The music on a CD is digitized as PCM data, and that data is organized into tracks, sectors, and frames. Info here. If you know anything about how disk drives for computers work, it’s pretty much the same thing. When you put the player on pause, the player’s microcontroller remembers the track, sector, and frame you were on when you hit the pause button. When you hit play again, the controller synchronizes the laser to the track, sector, and frame address in its memory and resumes play. It’s fast because the disk is still spinning and the laser arm is still in the same lateral position, so there is little latency due to the physical medium. @johnpowell, the error involved is actually no more than 1/75th of a second, which is the length of an audio frame in real time.

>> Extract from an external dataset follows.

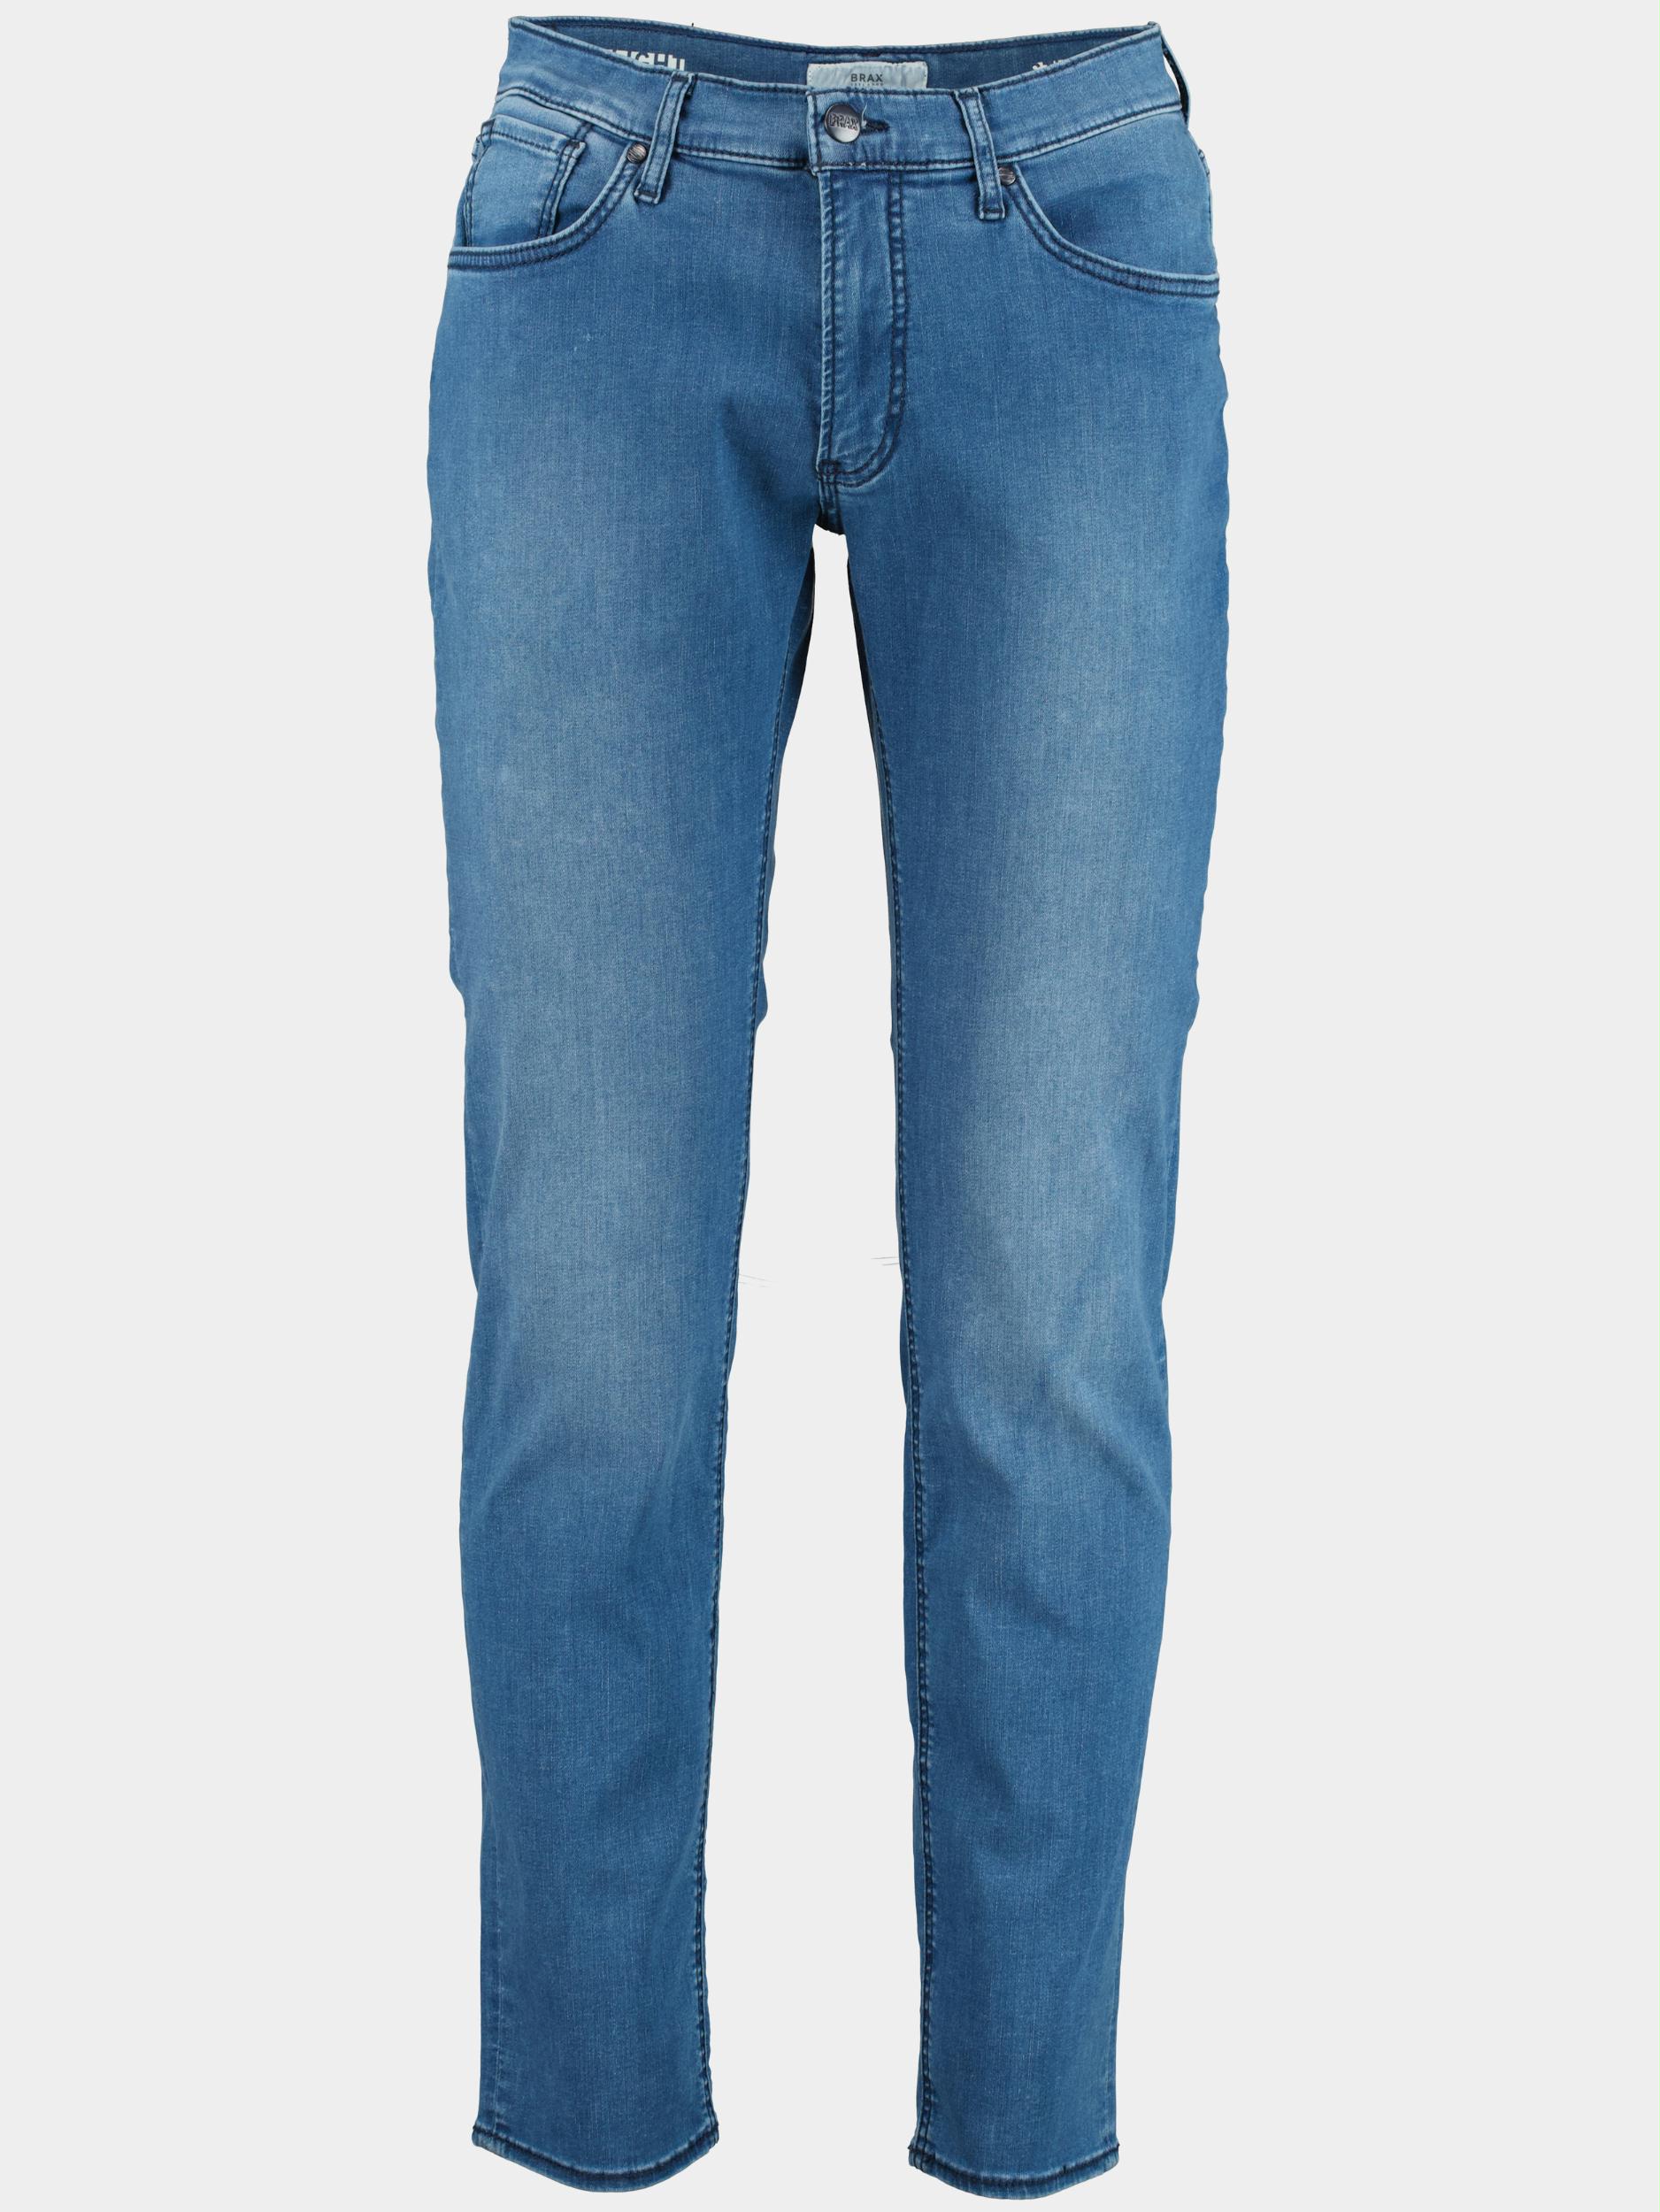 Brax 5-Pocket Jeans Blauw STYLE.CHUCK 81-6278 07953020/16
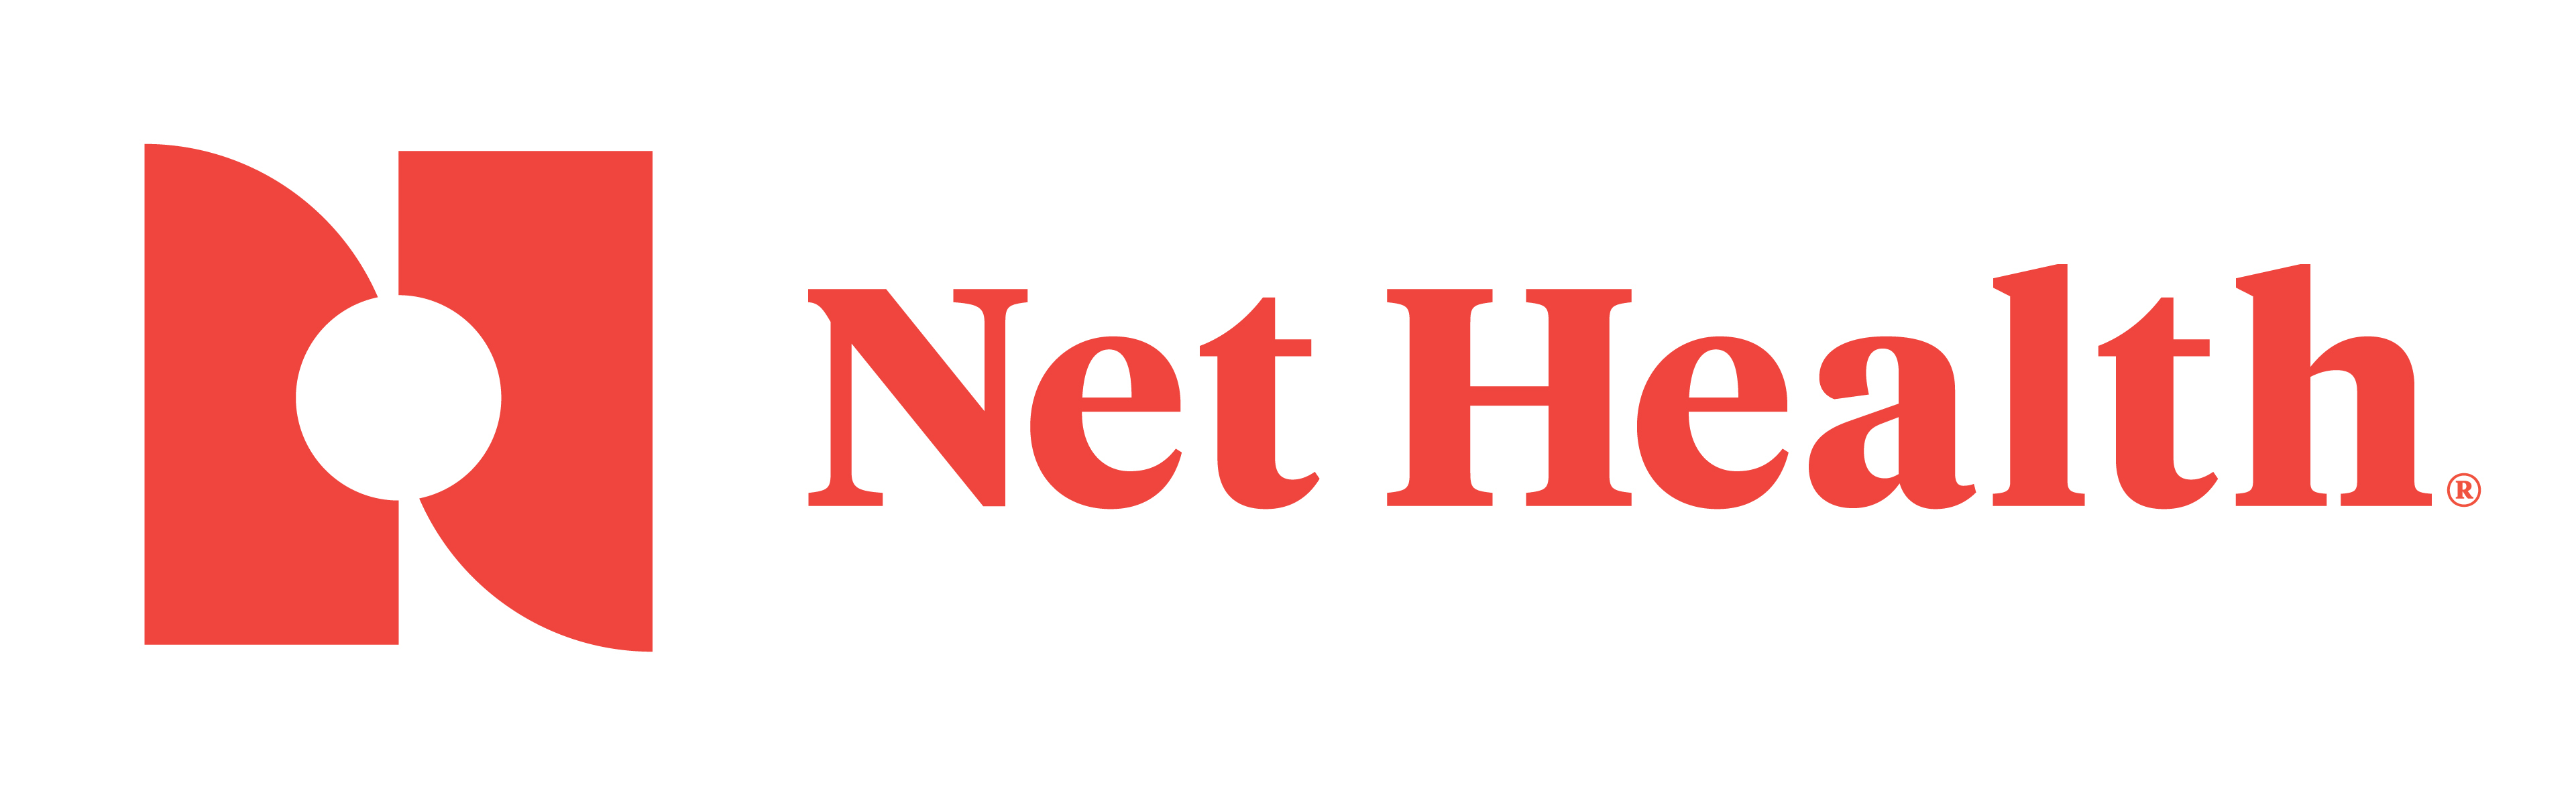 Net Health Logo

If the stereo in your car has a CD player, you’ve probably noticed that, when you turn it on, it will return to the same point in the program you were listening to when you last turned the radio off. It uses the same mechanism. The only difference between that and pause is, the disc has to spin up, and the laser has to move transversely to the correct physical location on the disc, so it takes a little longer to sync.

HungryGuy's avatar

Unlike a vinyl record, a CD is like a computer disk containing a collection of digital files. The CD player knows what file is currently loaded and where it is in that file when you pause the song.